Enzo Castellari, glorious basterd


On the eve of his seventieth birthday, LA Weekly called Enzo Castellari an ‘Italian drive-in god’, thus betraying how little they know of a country where a ‘drive-in’ means a sparsely populated piazza and I Vitelloni projected onto the vest of the fattest man in the village. The next day, the Italian Cultural Institute in Los Angeles threw him a huge birthday party. It was a measure of the affection he enjoys in his homeland.
Until recently barely known outside Italy, Castellari has been the latest in a long line of laudable, if increasingly random, attempts by Quentin Tarantino to prompt a re-examination of popular cinema outside of the US. His remake of Castellari’s 1978 WWII western, The Inglorious Bastards, had the fan-boys salivating but it would be a tragedy if the director remains known only as Tarantino’s latest prank monkey.

The Killers (1946) gets a subtle makeover
 Castellari’s film career has spanned thirty years and more than twenty features, all of them kinetic, violent, sentimental and possessed of a bizarre, at times juvenile, sense of the absurd. He grew up in the Rome of the 1940s, surrounded by the cinematic legacy of fascism, which provided a movie-making infrastructure but allowed little in the way of experimentation. When Italian cinema regained it vitality in the 1950s, Castellari, like Sergio Leone, was too busy drinking in the American westerns and gangster flicks flooding the country to pay much attention to the blossoming neo-realist movement then shooting on the city’s streets. His cinema would be escapist, shamelessly populist and often spectacularly derivative  - but it would somehow remain wilfully, unmistakeably European.



Make no mistake, Castellari’s efforts are often gimcrack knock-offs of Hollywood blockbusters (hmm, what could 1973’s The Marseilles Connection have been referencing?) and have all the nuanced panache of a breakfast Sambuca. But having grown up in post-war Italy, Castellari knew how to make a little go a long way, a talent that put him in on the ground floor of some of the most striking new work. While only the most dedicated Castellaristo would place him in the same league as Leone or Peckinpah, his work on the Django and Trinity series helped create a wholly new cinematic language.

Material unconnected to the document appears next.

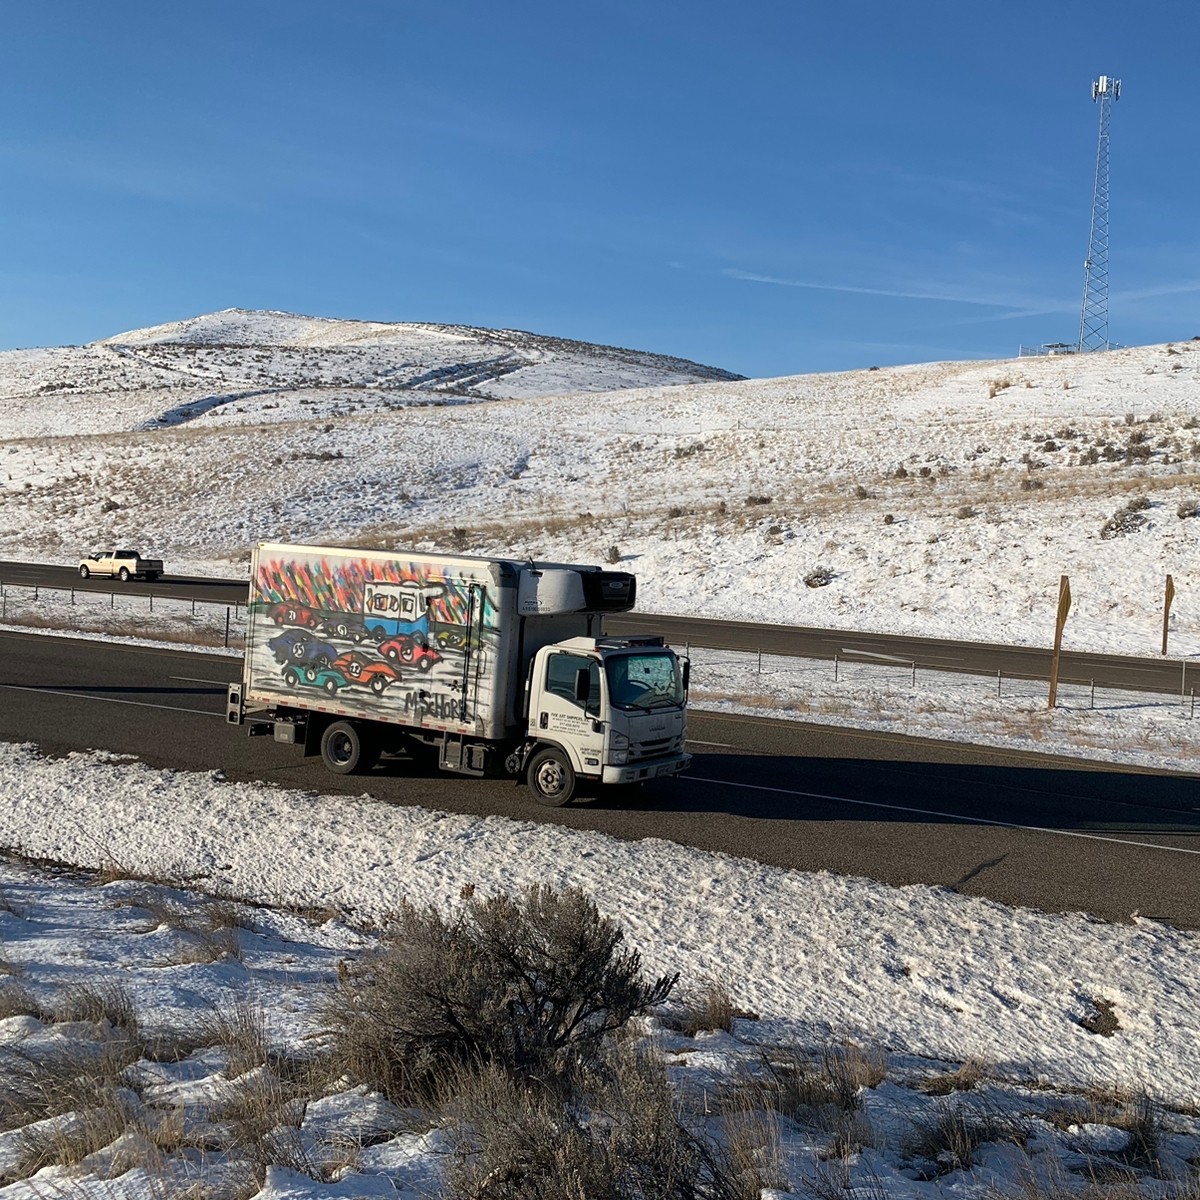 Art Trucks Painted by Mitchell Schorr Travel Across the US
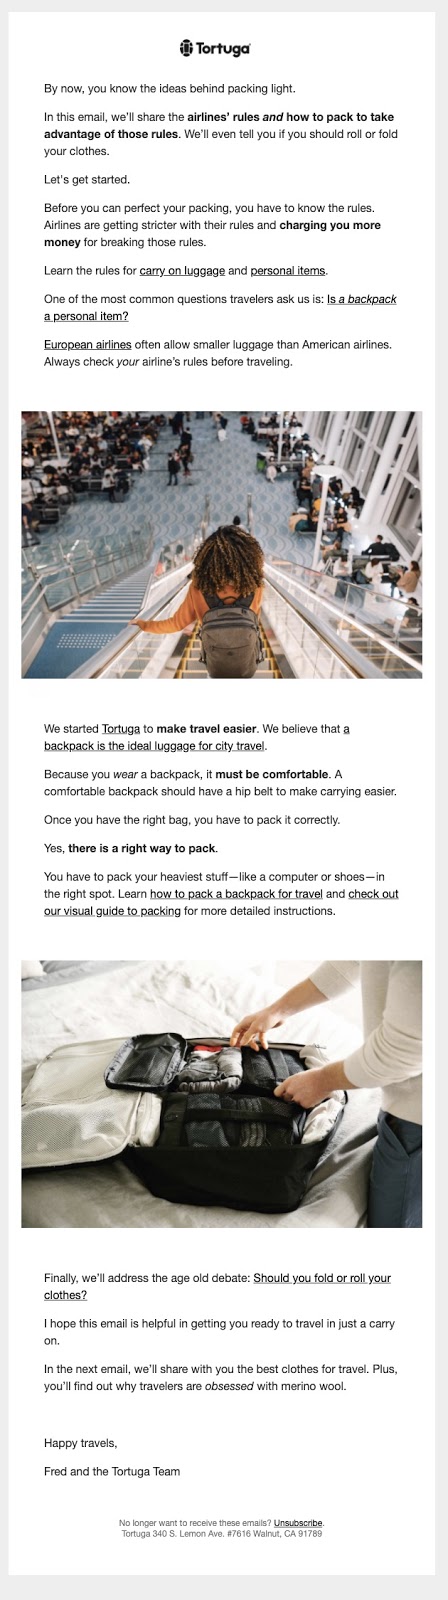 newsletter email example

Ever the maverick, though, Castellari was unable to resist indulging his faith in the power of slapstick and shoddy spectacular to rescue otherwise hopelessly misfiring actioners. His gleeful willingness to get down with the ridiculous reached its apogee in the jaw-dropping 1976 western Cipolla Colt, starring an equally enthusiastic Franco Nero as the titular onion farmer threatened by Big Railroad’s landgrab. Colt fights back in his unique fashion, using the power of rank onion-breath and speeded-up action sequences to strike a blow for the little guy, all the while spurred on by Roman accented obscenities from his talking horse. Not content with having Nero confound his heroic image, Castellari also cast the sublimely bland Martin Balsam as a fascistic railroad boss with a clockwork hand. Fans loved the camped-up Nazi overtones but in fact Castellari’s subversion ran deeper: Balsam’s character actually referenced a popular liquer commercial of the time which itself featured a mechanically enhanced bon viveur rocking the drunken Gestapo vibe.

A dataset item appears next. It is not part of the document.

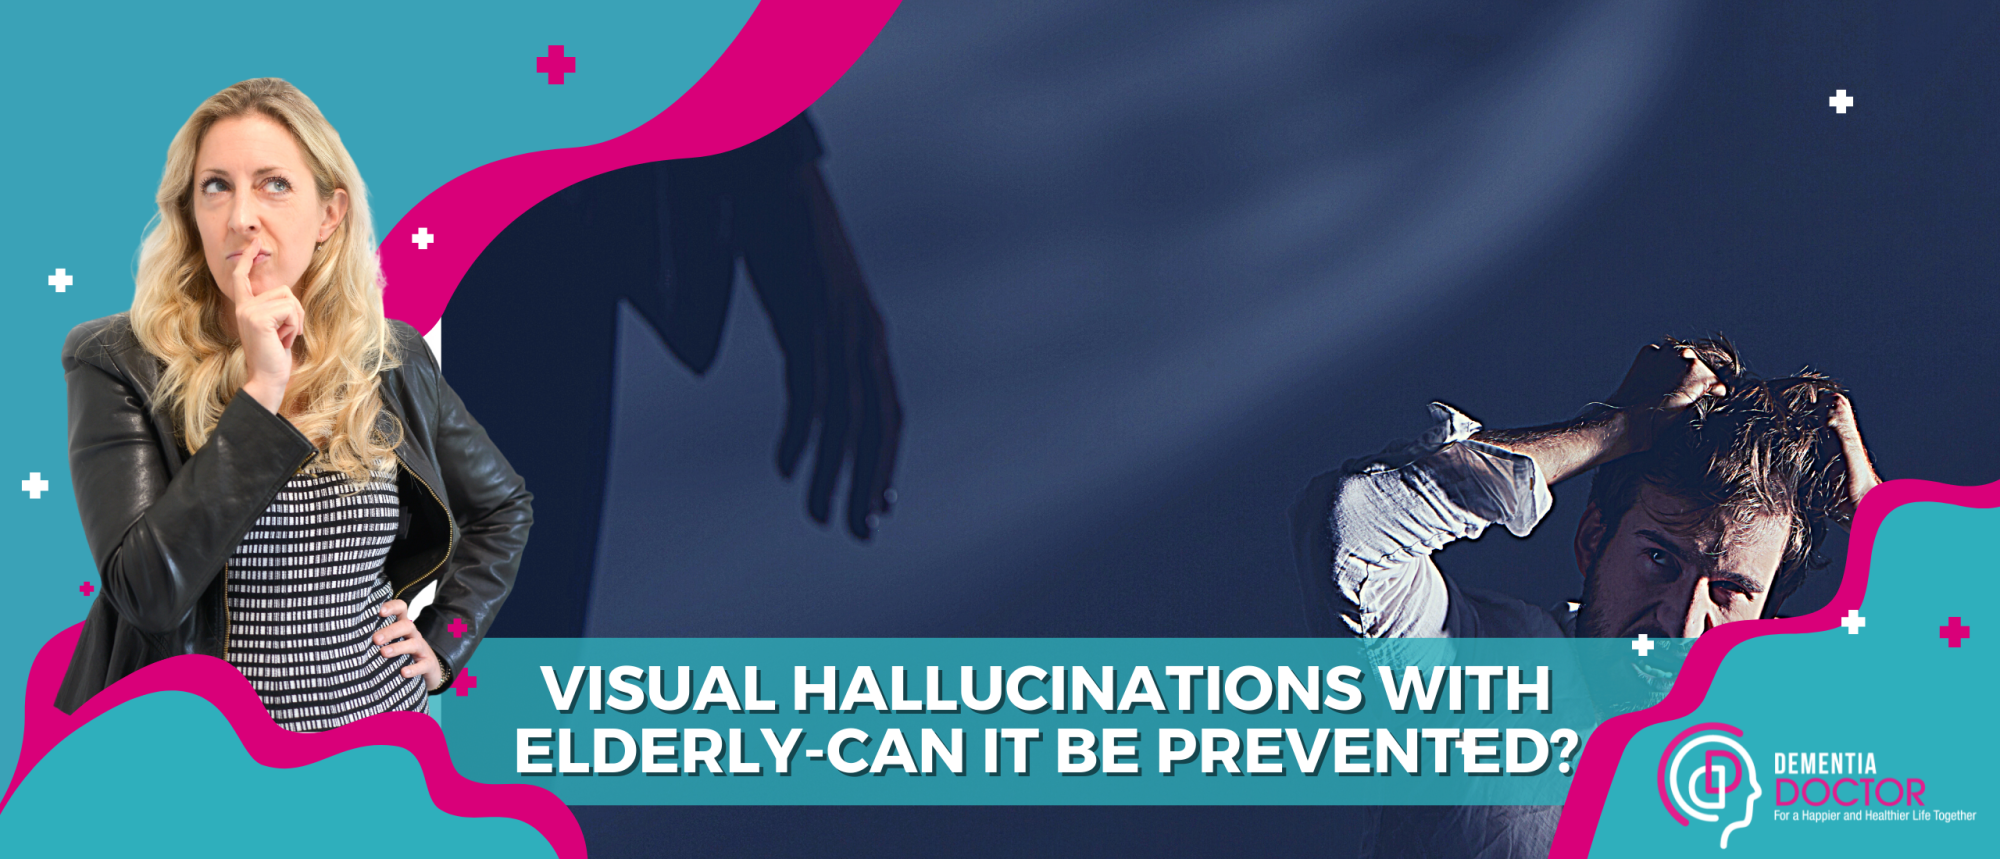 Blog Visual hallucinations with elderly. Can it be prevented?

Horsing around: Franco Nero in Cipolla Colt, probably not at all making a mental note to fire his agent

Castellari’s Western career enjoyed a brief resuscitation in the early 1990s, when you could make a movie in the former Soviet Union for a fistful of cloned Switch cards and some sausages wrapped in newspaper. Unable to pass up a bargain, the director took his whole travelling circus, including regular leading man Franco Nero, out East where he helped give birth to the Borscht Western with Jonathan Of The Bears (1993), his own take on Dances With Wolves. Shot for a piffling £5 million, the movie extras snaffled a cool £2.50 a day, with gin-fizz sweeteners for the huge cast of midgets in attendance. Hundreds of Russian cavalrymen were borrowed from the local barracks to be transformed into the injun-tusslin’ US 7th Cavalry by allowing each man a reasonably priced cowboy hat.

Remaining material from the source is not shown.